Energy, Growth, and the Future
- Several tie modern progress to fossil energy abundance.
- The 1970s oil shocks are cited as a turning point; some believe society never fully recovered its earlier growth trajectory.
- Renewables (especially solar) inspire cautious optimism:
- Advocates see potential for resilient, decentralized supply and reduced waste through efficiency.
- Skeptics argue a green grid will likely support significantly lower per-capita energy, forcing lifestyle and economic adjustments, possibly reducing “waste” more than living standards.
Power, Coordination, and Digital Society
- Modern “tech” models are compared to historical rent-extractors who “don’t grow the food” but take a cut.

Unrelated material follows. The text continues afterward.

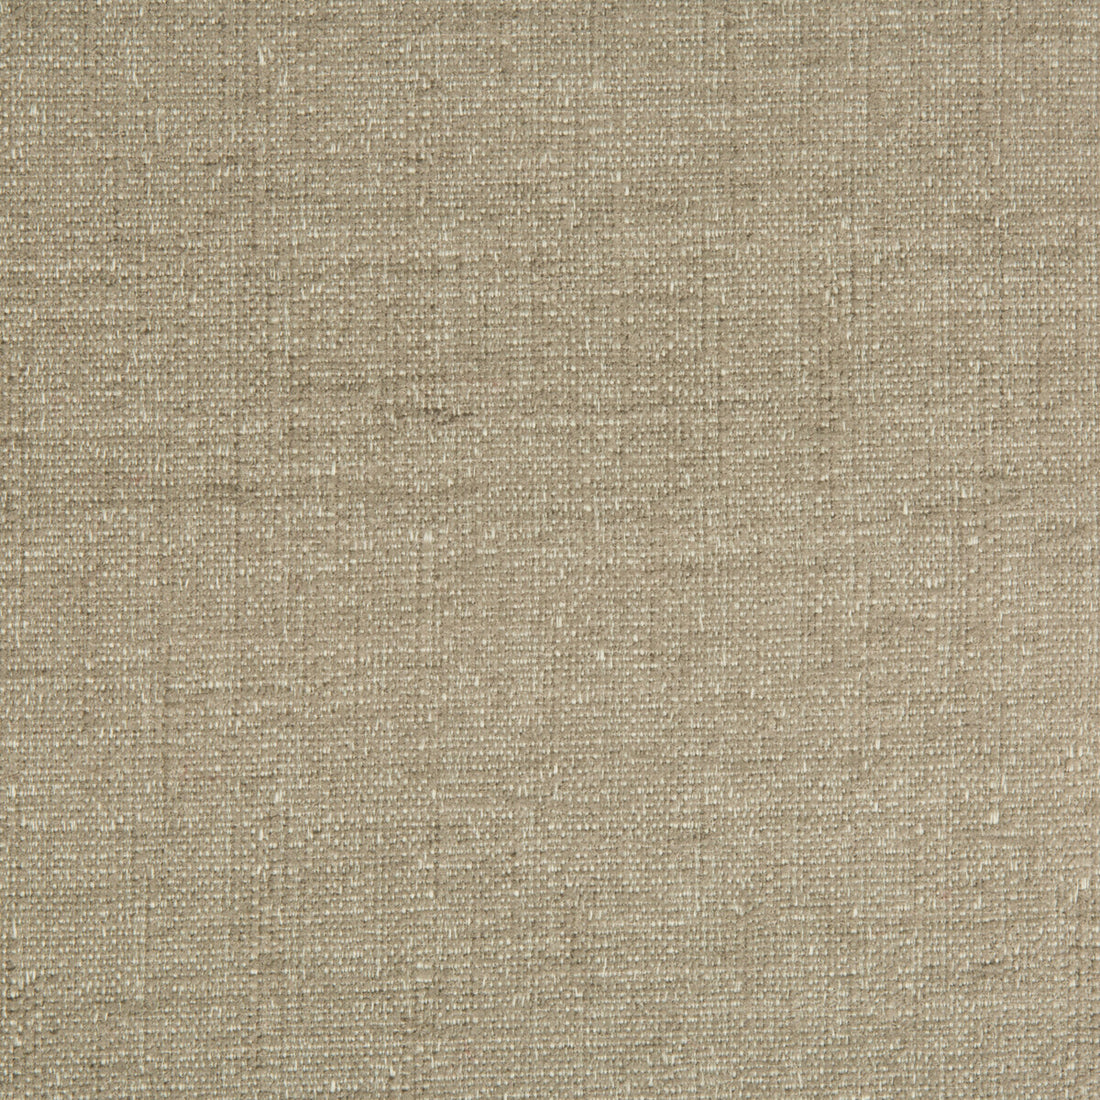 Kravet Smart fabric in 34622-11 color - pattern 34622.11.0 - by Kravet Smart in the Performance Crypton Home collection

- One line of argument blames exploitation on coordination and information asymmetries:
- Slow knowledge diffusion, poor mass education, and controlled media let small elites dominate.
- Speculation about whether digital technology could, in the long run, improve coordination and reduce exploitation; current outcomes are seen as disappointing.
Class, Control, and Radical Proposals
- One commenter posits three classes:
- Asset-owning “owners” who shape opinion.
- Self-reliant “hermits.”
- The vast majority as “pets” trained chiefly to consume and vote.
- Suggested institutional reforms include:
- Strictly limited, demurrage-bearing money supply.
- Strong direct democracy tied to prediction markets.
- State-curated information ecosystems to counter propaganda.
Pain, Alcohol, and Everyday Experience
- Painkillers are noted as historically new; people once endured far more untreated pain.
- It is suggested that much heavier drinking in the past partly reflected coping with pain and hardship.